OpenTelemetry Tracing

Traces track the progression of a single request, called a trace, as it is handled by services that make up an application. The request may be initiated by a user or an application. Distributed tracing is a form of tracing that traverses process, network and security boundaries. Each unit of work in a trace is called a span; a trace is a tree of spans. Spans are objects that represent the work being done by individual services or components involved in a request as it flows through a system. A span contains a span context, which is a set of globally unique identifiers that represent the unique request that each span is a part of. A span provides Request, Error and Duration (RED) metrics that can be used to debug availability as well as performance issues. A trace contains a single root span which encapsulates the end-to-end latency for the entire request. You can think of this as a single logical operation, such as clicking a button in a web application to add a product to a shopping cart. The root span would measure the time it took from an end-user clicking that button to the operation being completed or failing (so, the item is added to the cart or some error occurs) and the result being displayed to the user. A trace is comprised of the single root span and any number of child spans, which represent operations taking place as part of the request. Each span contains metadata about the operation, such as its name, start and end timestamps, attributes, events, and status. To create and manage spans in OpenTelemetry, the OpenTelemetry API provides the tracer interface. This object is responsible for tracking the active span in your process, and allows you to access the current span in order to perform operations on it such as adding attributes, events, and finishing it when the work it tracks is complete. One or more tracer objects can be created in a process through the tracer provider, a factory interface that allows for multiple tracers to be instantiated in a single process with different options. References - https://opentelemetry.io/docs/concepts/data-sources/

OpenTelemetry

Libraries

How to set up OT libraries to create signals:

Logs

OpenTelemetry does not provide a dedicated logging API nor libraries for creating logs right now. There are mature libraries which do that already and support for those projects is planned instead. Most probably that will be an appender which will correlate logs with traces.

How to create simple logs

Standard libraries for programming languages provide simple logging capabilites out of the box. You can use them to create logs. If your application follows The Twelve-Factor App standard "it should write its logs, unbuffered, to stdout".
Later, the execution environment like systemd, Docker or Kubernetes takes care of routing this event stream to the local file or sending to other systems like Sumo Logic directly.

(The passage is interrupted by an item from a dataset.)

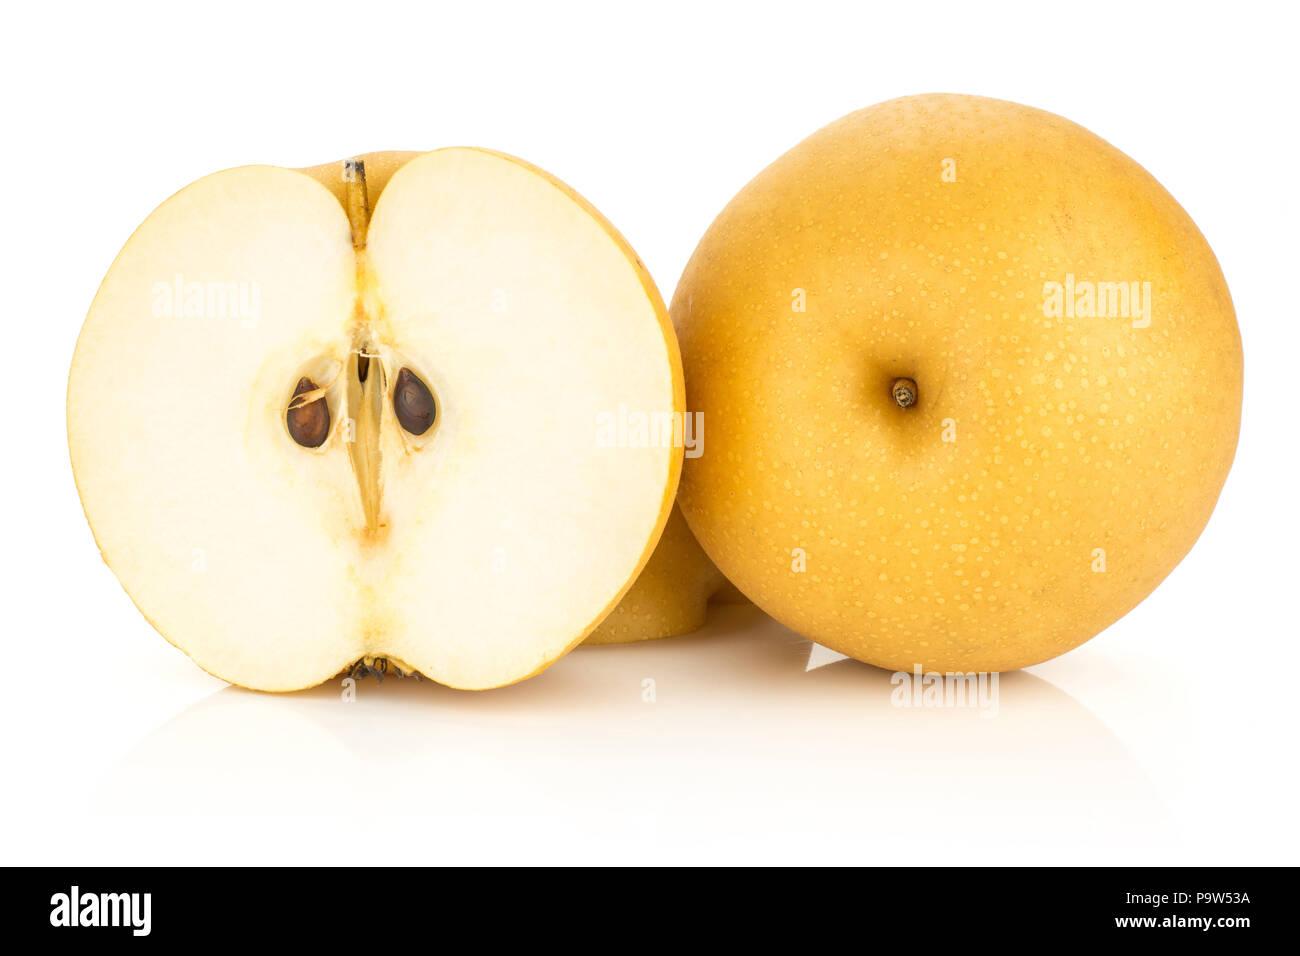 Asian golden pears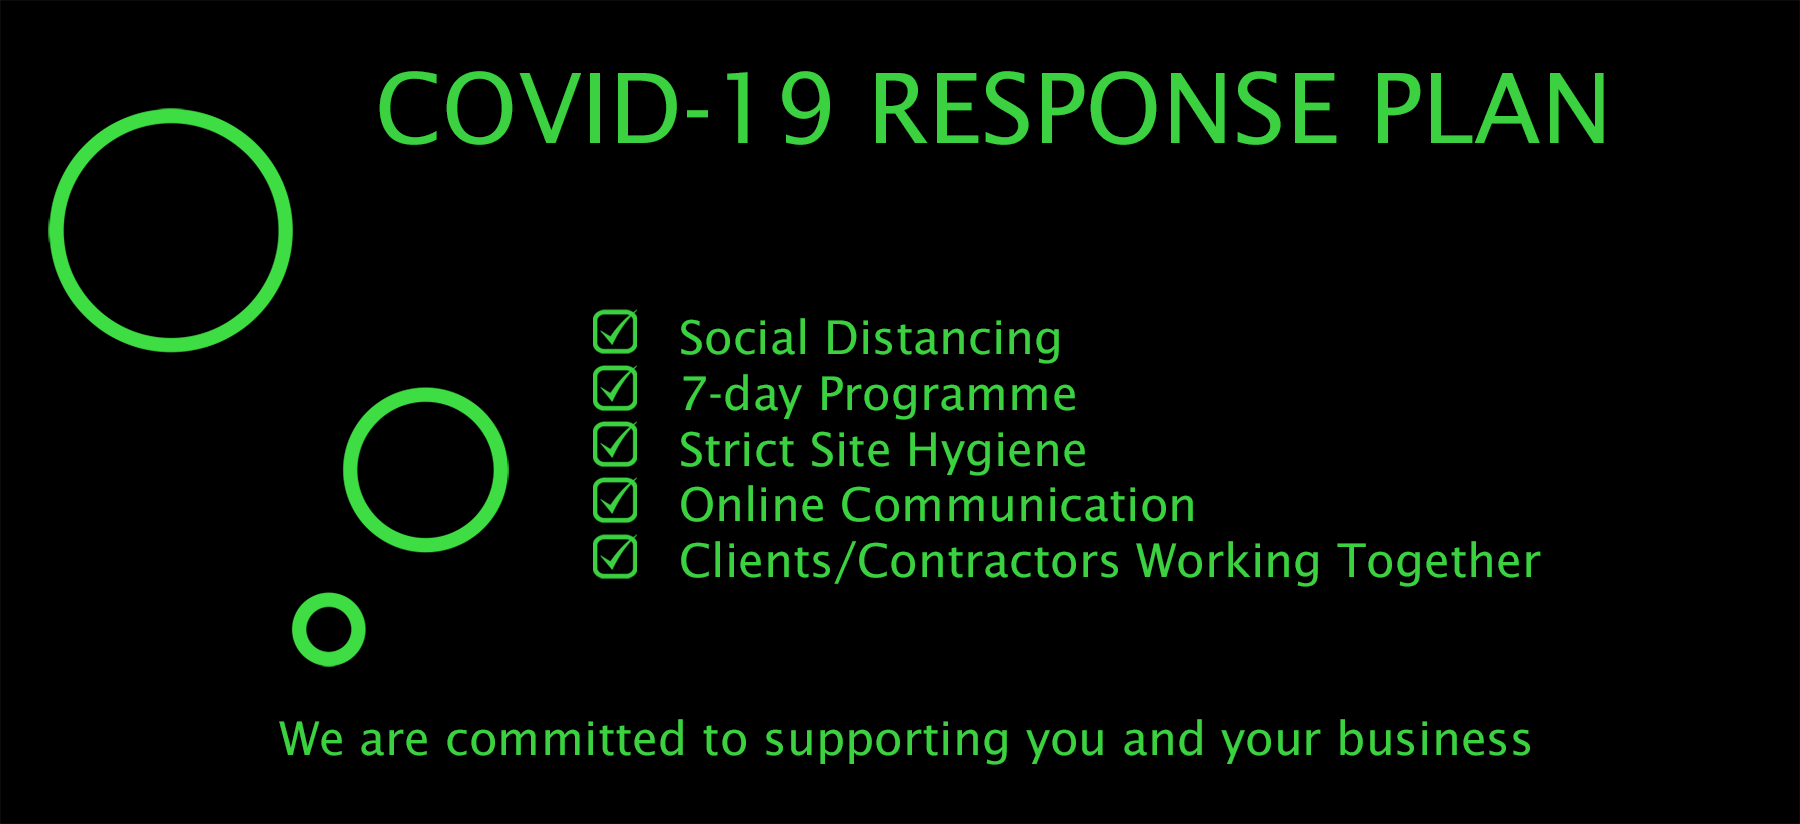 Green-core Covid-19 Response Plan

If your application logs are written to the local file they can be collected by OpenTelemetry Collector for further processing.
You can find more on that topic in the OpenTelemetry Collector / Logs section.

Example

Let's assume that your application writes logs to stdout and runs inside a Docker container.

As a result, by default on a Linux machine those logs are written to the /var/lib/docker/containers/<container-id>/<container-id>-json.log file.

The log file from Docker container can be scraped by the OpenTelemetry Collector with the help of filelogreceiver. This receiver will tail the log file and for each line emit a new record for further processing inside the OpenTelemetry Collector. It will also attach a file name metadata to this record.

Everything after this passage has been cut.